Laser induced fluorimeter (LIF)

Nitrogen laser based Scintrex UA-3 uranium analyser (Scintrex Ltd, Canada) is used for the fluorescence measurement in aqueous medium. The nitrogen laser pulse rate is 16 times per second and pulse duration is 3–4 nano-seconds. Excitation wavelength is 337.1 nm and wavelength of measurement is 495 nm. Integration time is 4 sec. The instrument also incorporates an electronic gating mechanism (time discrimination) which registers the long lived uranyl fluorescence while it cuts off the short lived organic fluorescence.

Procedure for determination of uranium using LIF

1 to 5 mL of the sample is mixed with 1 mL of 0.2 M sodium pyrophosphate solution and made up to 10 mL. The fluorescence intensity is measured and the concentration of uranium is calculated from a calibration plot obtained using solutions of known uranium content.

Reagents

Preparation of uranium standard

1 mg mL−1 solution of hexavalent uranium solution was prepared by dissolving 0.2226 g of uranyl nitrate UO2(NO3) 6H2O (Johnson and matthey, www.matthey.com) in 100 mL de-ionised water. 5 mL con HNO3 was added to the solution to suppress hydrolysis.
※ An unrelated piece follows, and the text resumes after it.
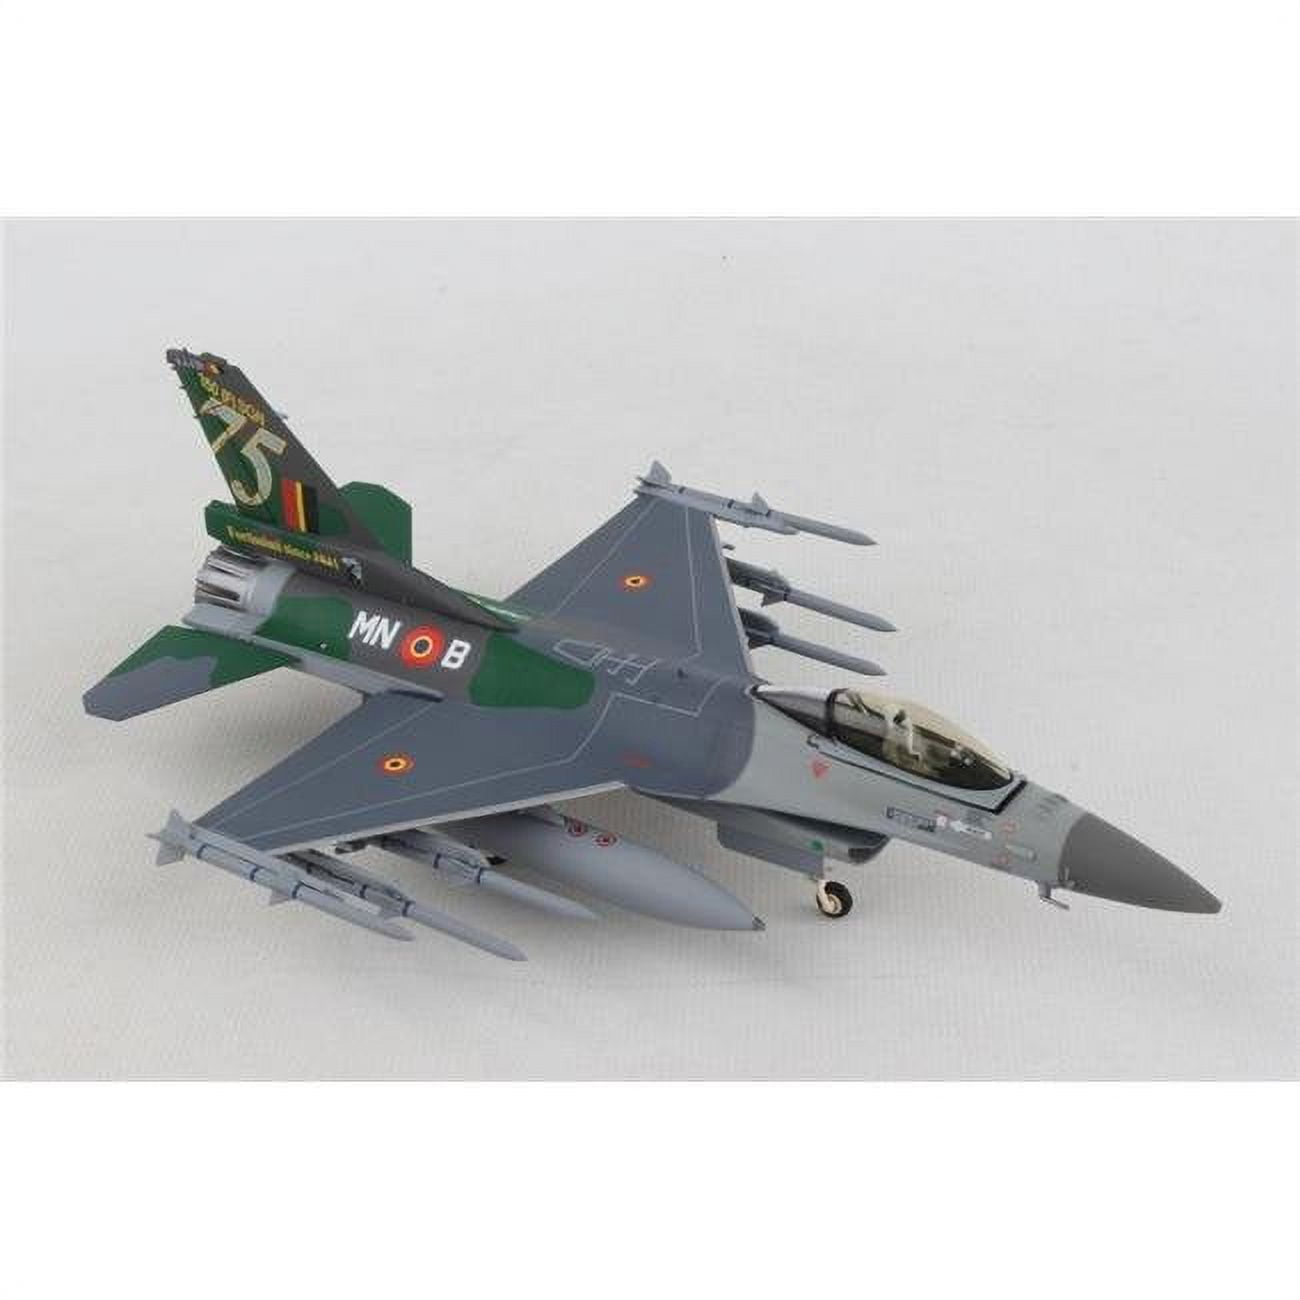 He580434 1 By 72 Scale Belgian Air Force F-16a 350 Squadron 75 Years Model Aircraft

Sodium meta silicate Na2SiO3 5 H2O (Merck GR, www.merck-chemicals.in)—0.3 M solution of sodium meta silicate was prepared by dissolving 30 g of sodium meta silicate in 500 mL water.

Cetyl tri-methyl ammonium bromide (CTAB) (Rolex, India, www.rolex.com): 0.1% (w/v) solution in water.

Xylenol Orange: (XO) (Merck GR)—0.1% (w/v) solution in water.

Sodium pyrophosphate: Na4P2O7.10H2O (Merck GR)—0.2 M solution was prepared by dissolving 8.92 g sodium pyrophosphate in 100 mL de-ionised water and pH is adjusted to 7 using H3PO4(Merck GR).

All the other reagents including electrolytes and other metal ions are of analytical reagent grade.

Synthesis of silica modified with xylenol orange (SXO)

500 mL 0.3 M sodium meta-silicate solution was taken in a 1 L beaker. 50 mL ethyl alcohol was added to it. This solution was mixed with 25 mL 0.1% (w/v) CTAB, and 25 mL of 0.1% (w/v) xylenol orange. The solution was acidified using 50% (v/v) HCl with constant stirring and kept overnight. The gel formed was filtered and washed thoroughly till free from chloride ions. The gel was dehydrated by drying in an air oven at 110° C. It was Ground in an agate mortar and stored in a desiccator.

Stability of the adsorbent

In separate 50 mL beakers, 100 mg of the adsorbent was kept in contact for 2 h with water, solutions of pH 1 to 9 and organic solvents alcohol, and acetone. After filtration, the visible spectra of the filtrate was scanned on a spectrophotometer from 300 to 600nms.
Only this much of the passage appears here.